▶ [Provided material]:
————————

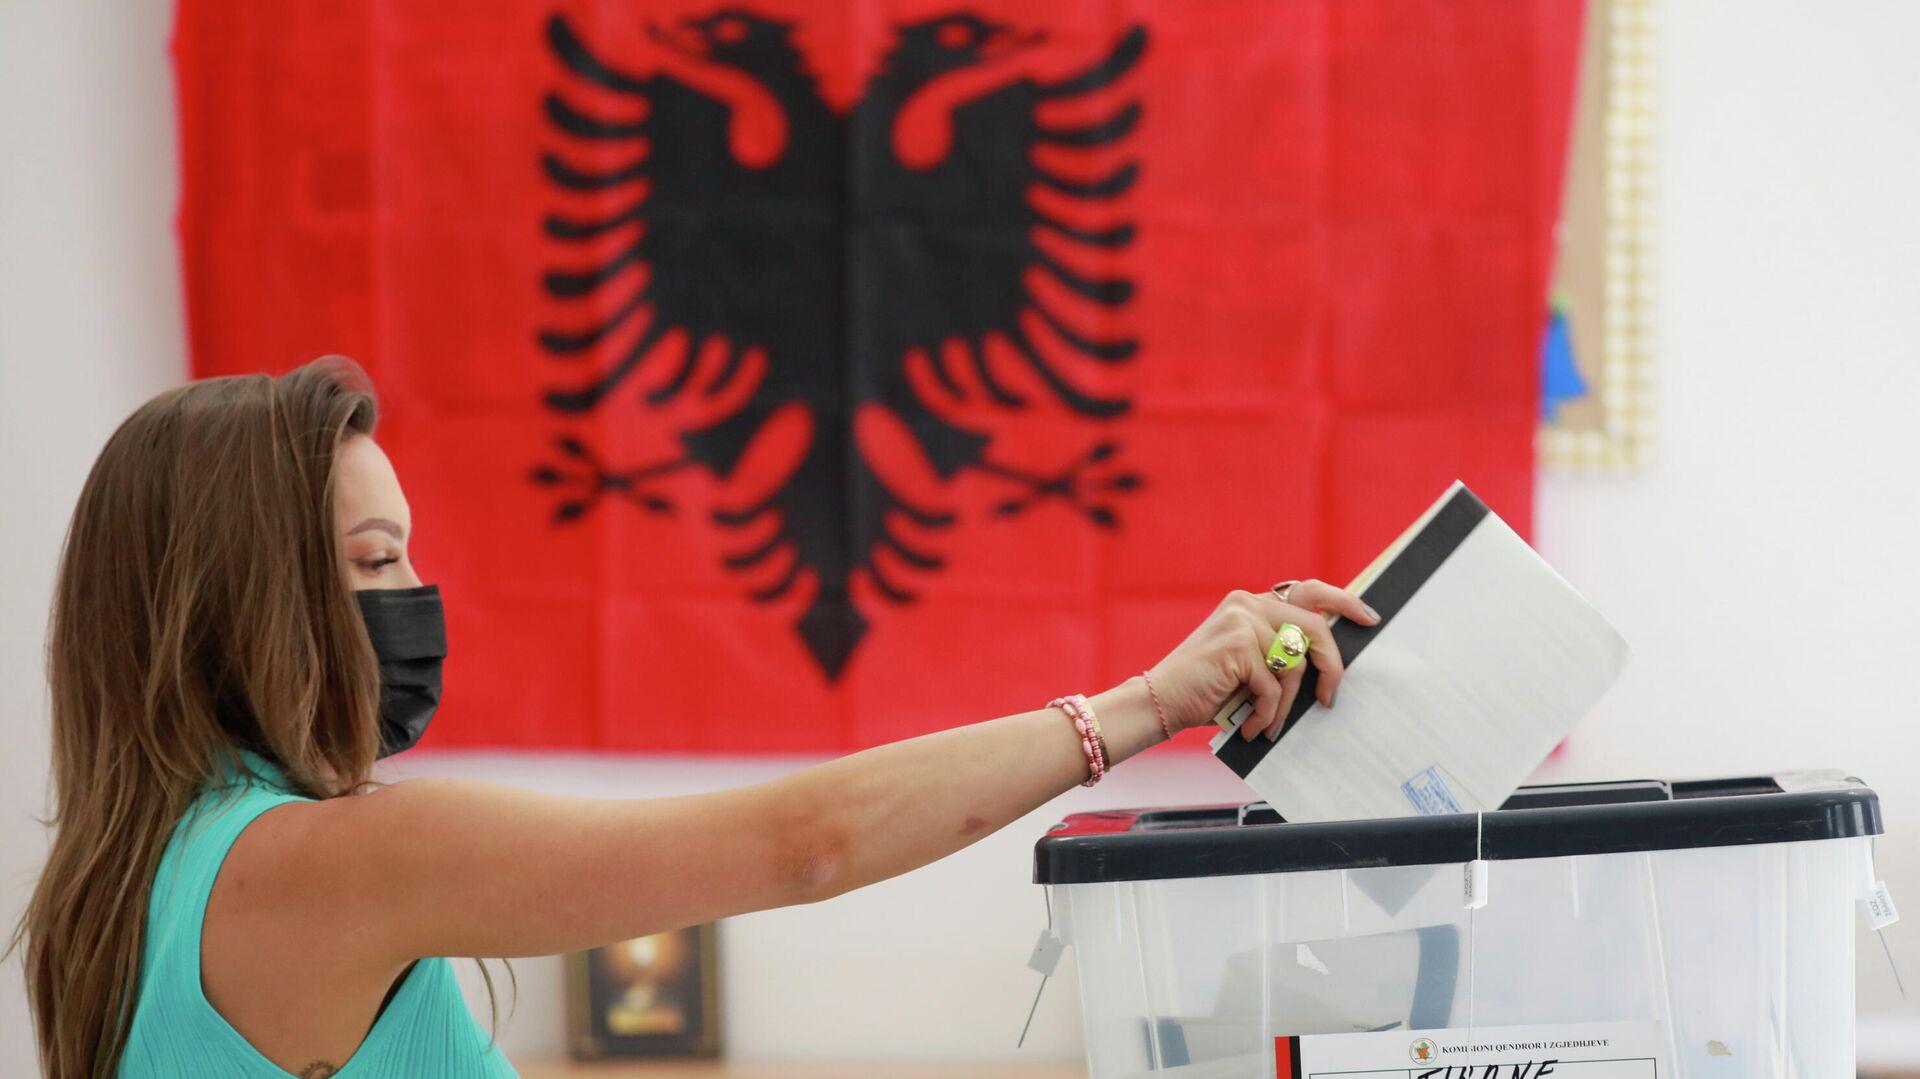 Elecciones en Albania  - Sputnik Mundo, 1920, 28.04.2021
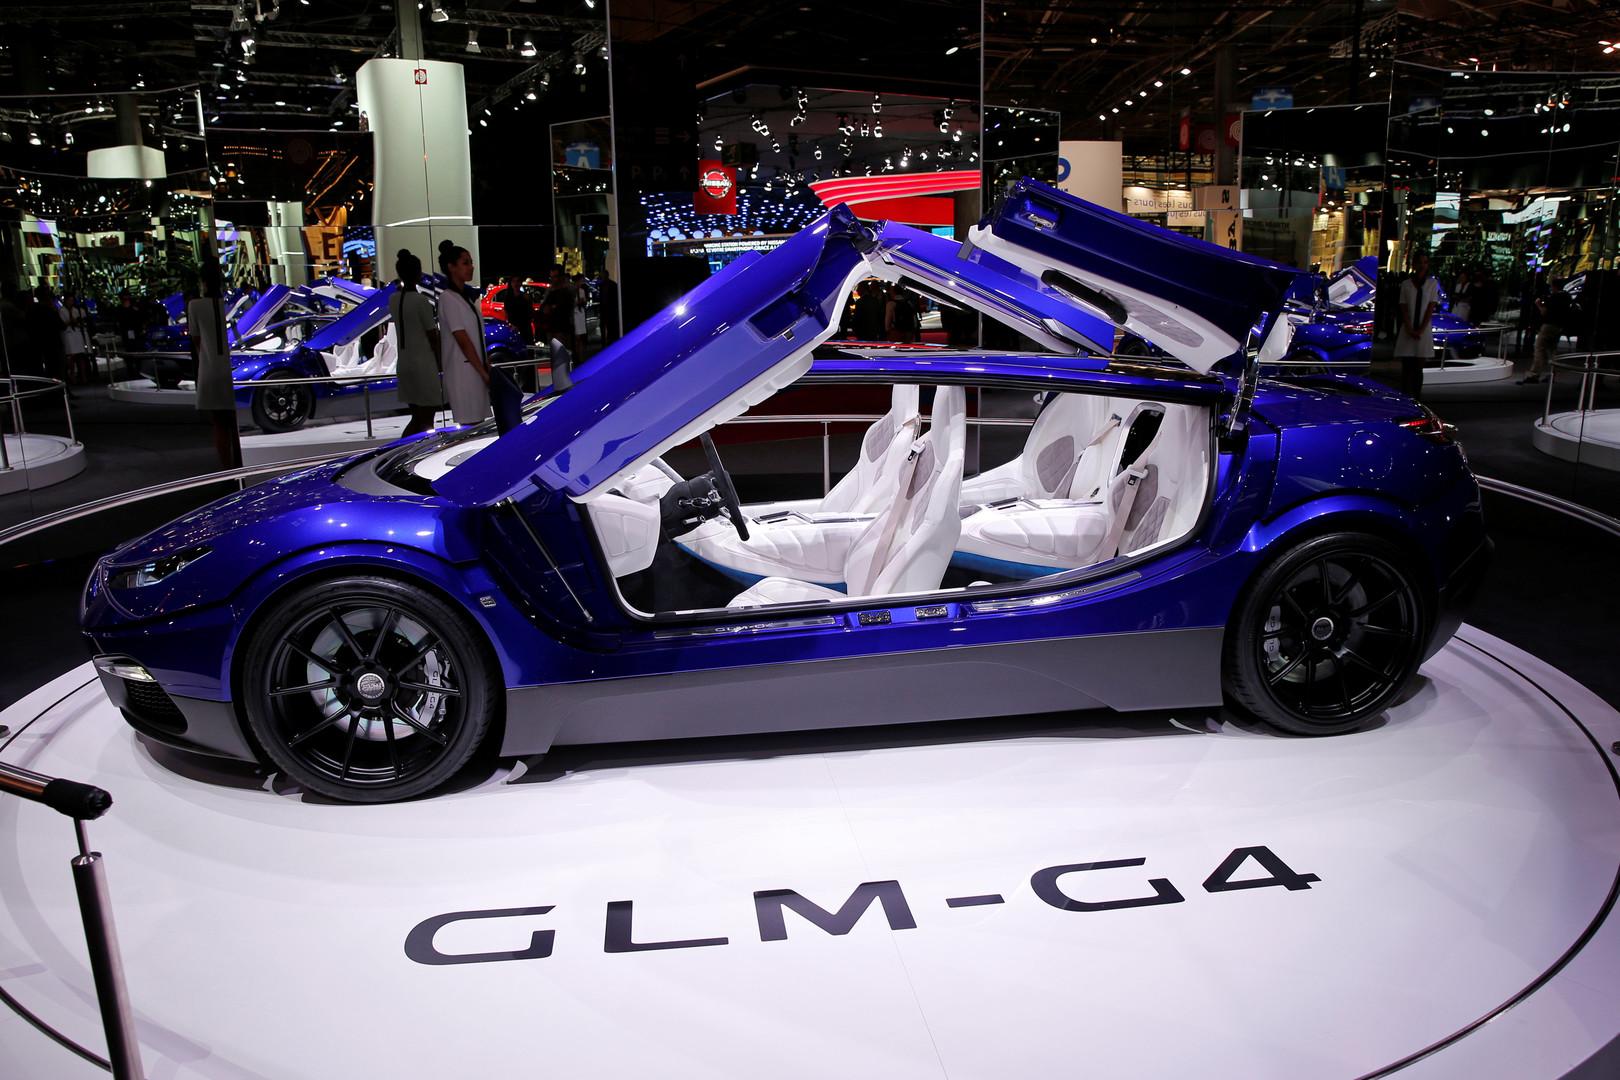 Roadyacht GLM-G4
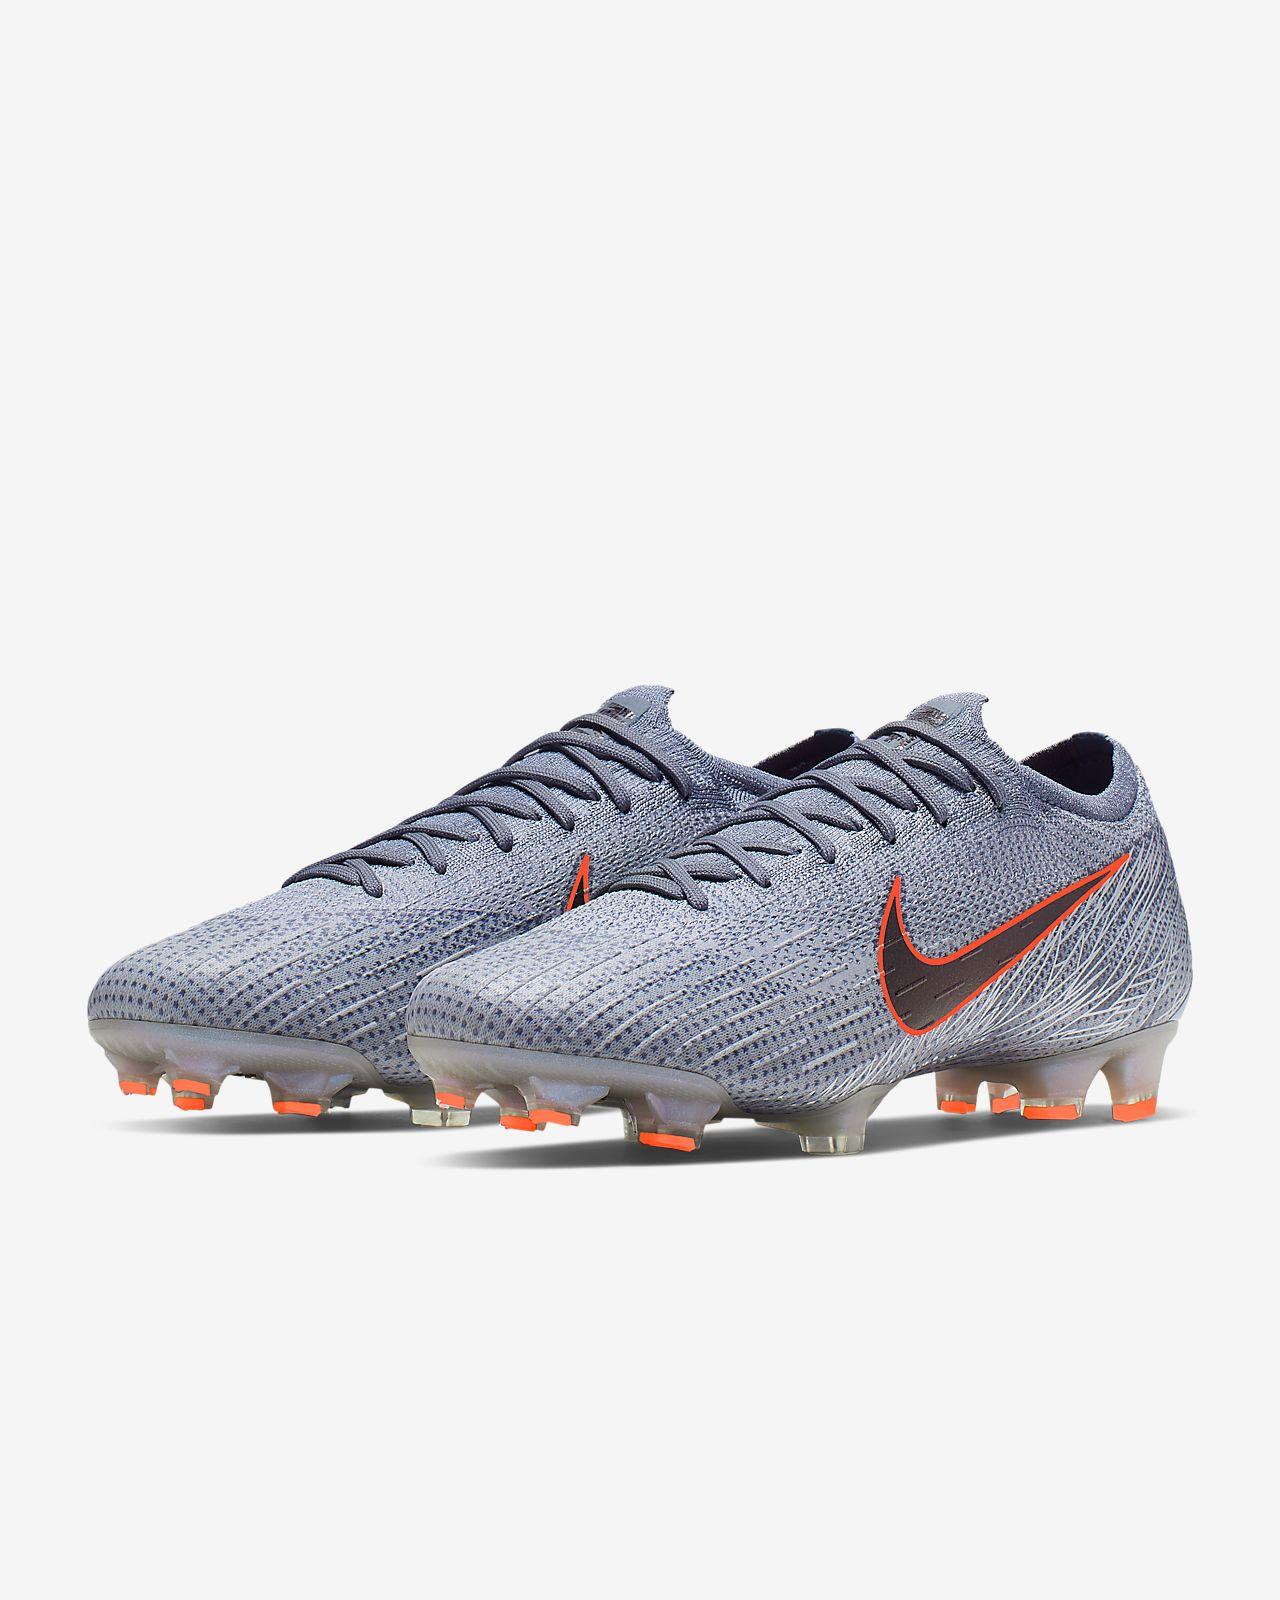 sports shoes 1ddda c048b ... Nike Vapor 12 Elite FG Firm-Ground Soccer Cleat

————————

▶ [Task]:
Omit the pictures, then quote the rest of the material above exactly.

▶ [Result of this exercise]:
 Elecciones en Albania  - Sputnik Mundo, 1920, 28.04.2021
 Roadyacht GLM-G4
 sports shoes 1ddda c048b ... Nike Vapor 12 Elite FG Firm-Ground Soccer Cleat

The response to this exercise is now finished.